I do not work out in sexy workout clothes. If you do, I’m not putting you down. I totally envy you; and one day…maybe one day, I TOO will be turning heads in that workout facility. But today? No.
Is it because I haven’t showered? Like it might not quite match how I feel inside? Look at that hottie in the bright orange sports bra. Oh wait, she’s leaving a wake of coffee breath and baby poop….annnnnnd bacon? Is that fried bacon I smell?
Maybe it’s because when I put that fifteen year old way-too-tight sports bra on this morning (obviously to go under my oversized 5K tshirt), I said out loud to self
“is my boob seriously gonna smash out the BOTTOM of this damn thing?”
Could be due to the fact that I’m on day three of putting BedHead dry shampoo to the test. The stakeholders of BedHead have chosen me to be part of a focus group gathering qualitative research on how many days a woman can go without washing her hair before she feels just completely abhorrent. No, I’m not really. It’s my own little test.
The possibility that it’s my jiggly butt doesn’t elude me.

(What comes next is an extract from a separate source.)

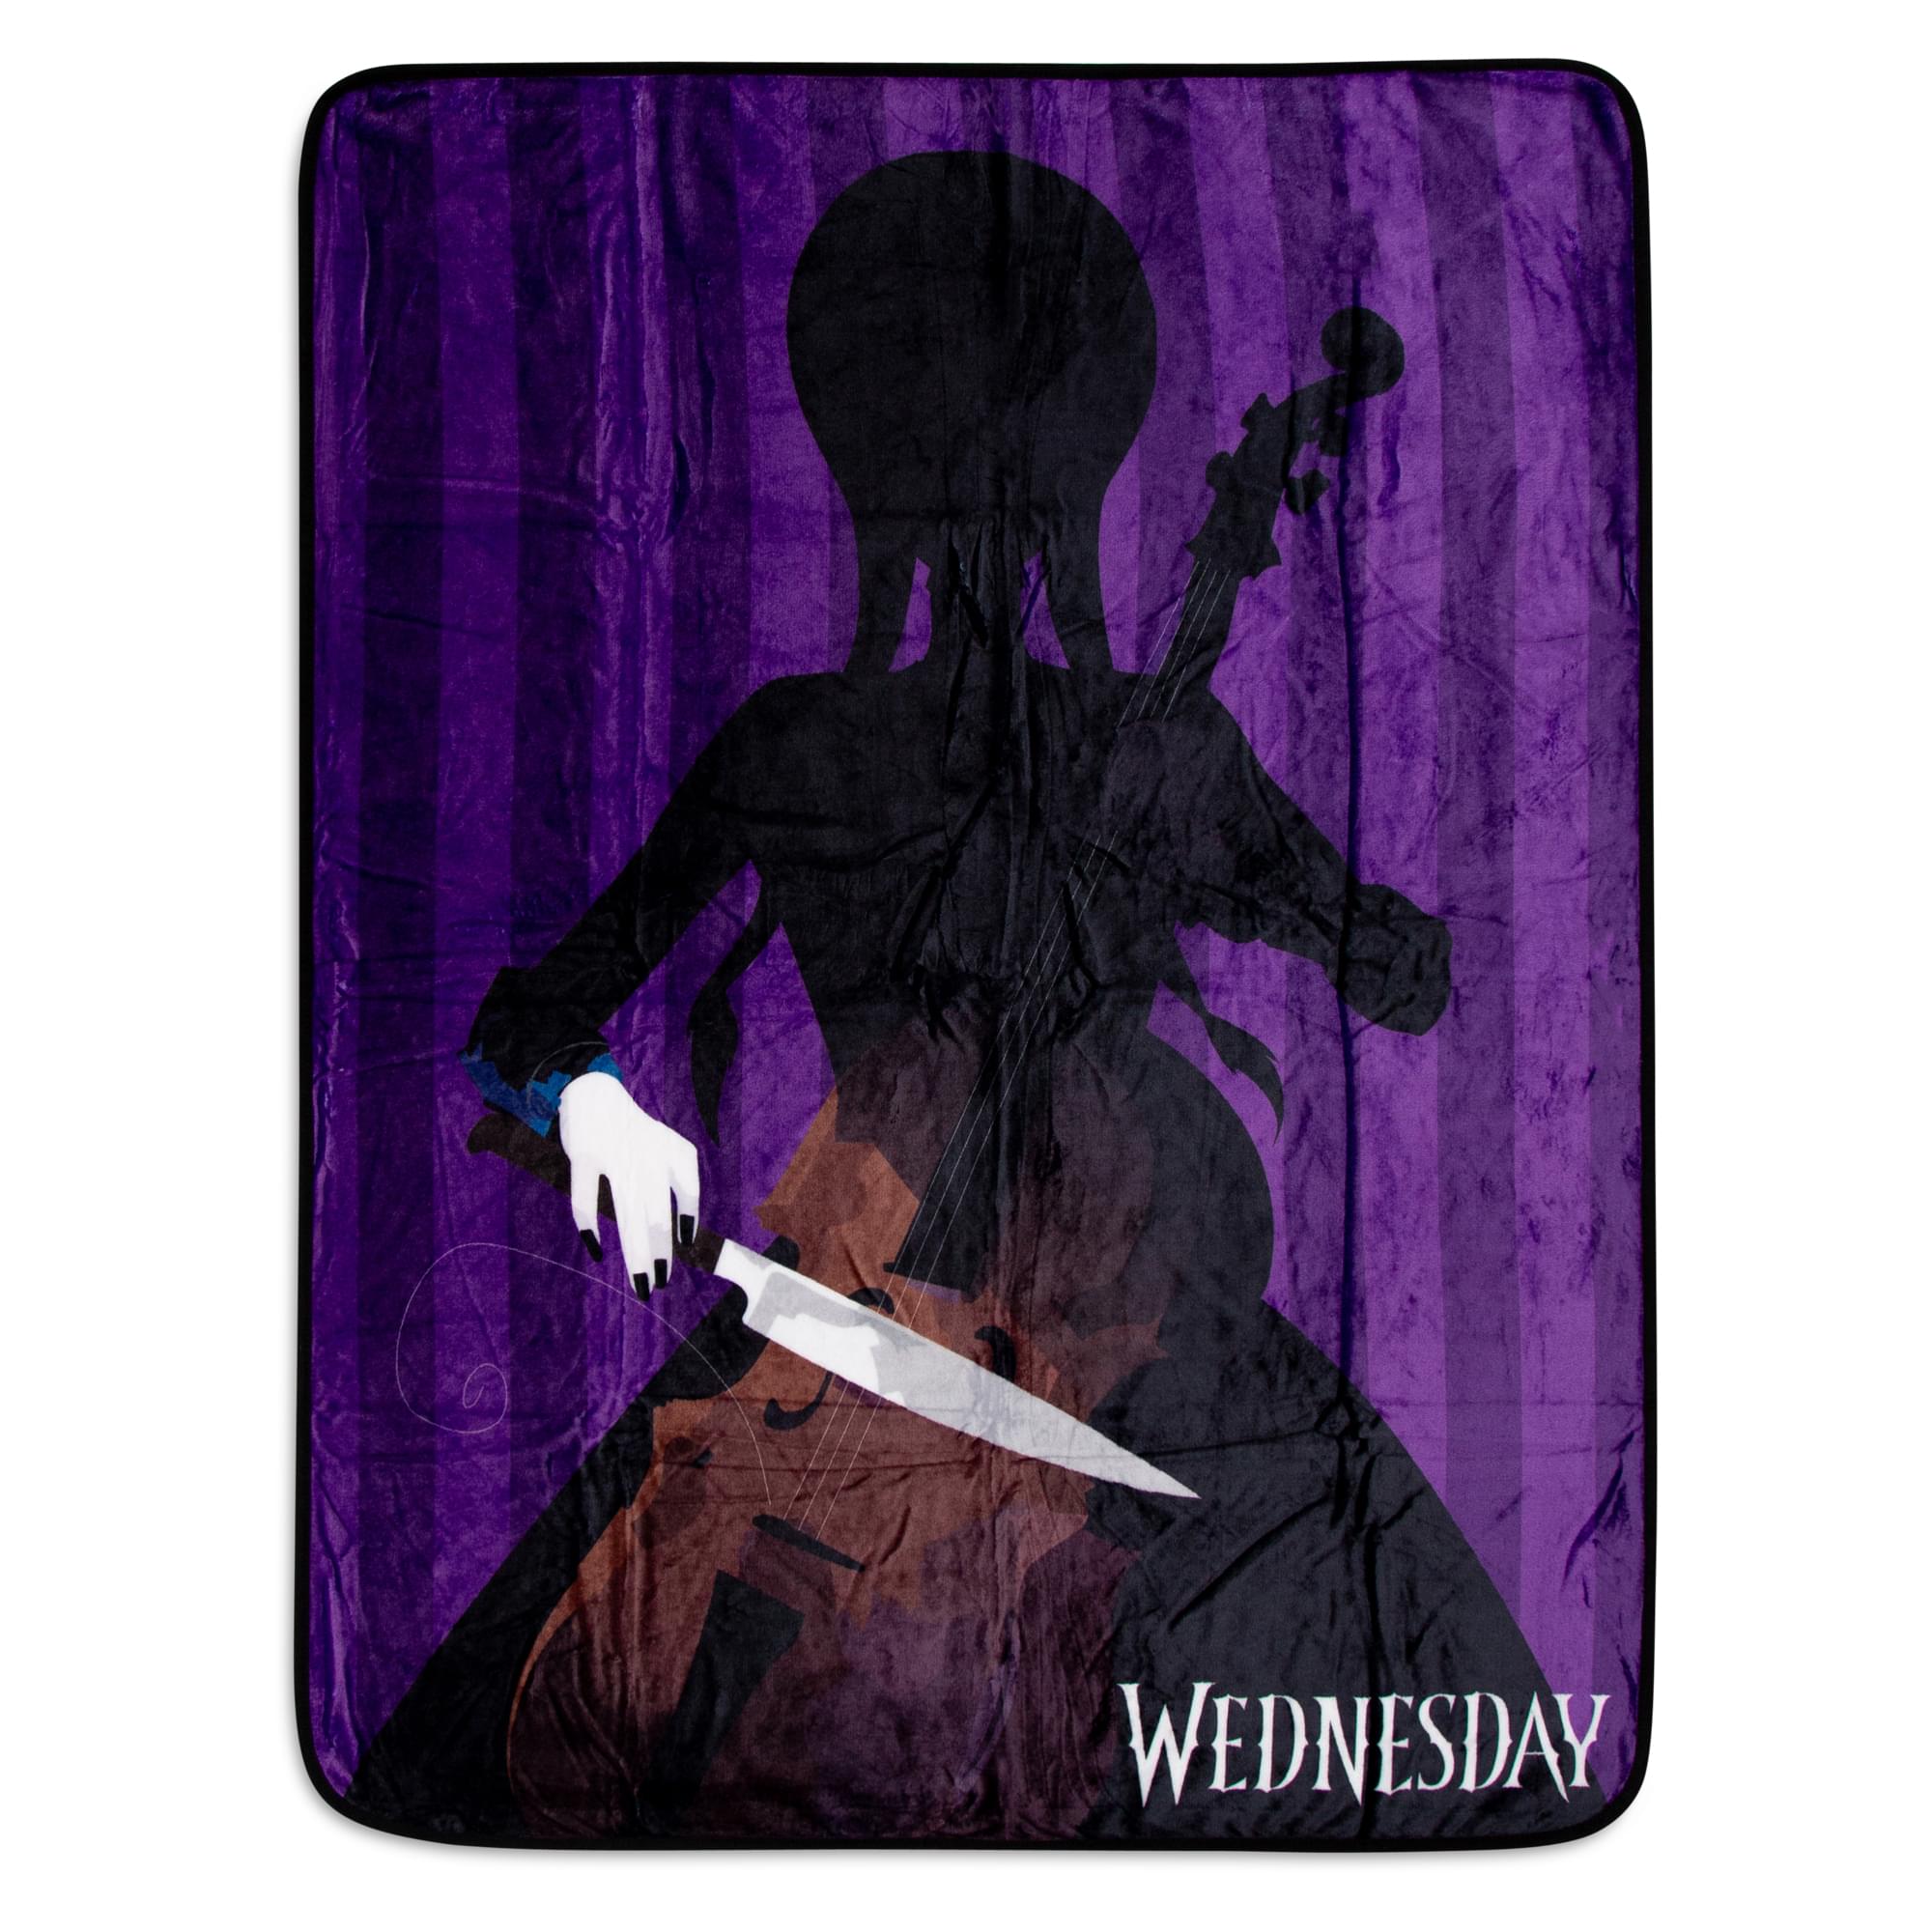 Addams Family Wednesday Cello Silhouette Fleece Throw Blanket , 45 X 60 Inches

Maybe it’s because I don’t want to miss out on that wow-factor I get upon returning to the child care room. “Wow, who’s *this* lady? Fresh smelling, washed hair, brushed teeth, maybe even a little bit of makeup…this certainly is NOT the woman who dropped the kids off.” Let’s not get crazy…I’m still wearing active wear of some sort and makeup consists of my half Dr. Spock eyebrows being drawn in, a little mascara and some lip gloss. Dontchu worry, my ensemble continues to not make sense.
Not sure, but it could simply be the fact that somewhere between child one and child four I stopped caring about my appearance during everyday routines. And I don’t mean like “oh, she doesn’t look awesome but still socially acceptable”. I’m talking “oh this mama is a hot mess!”
Basic fundamental hygiene and grooming took a major hit with number four.
These possibilities are endless. I predict it’s about 3+ years before I start wearing hottie workout clothes. (Shrugs) Or never.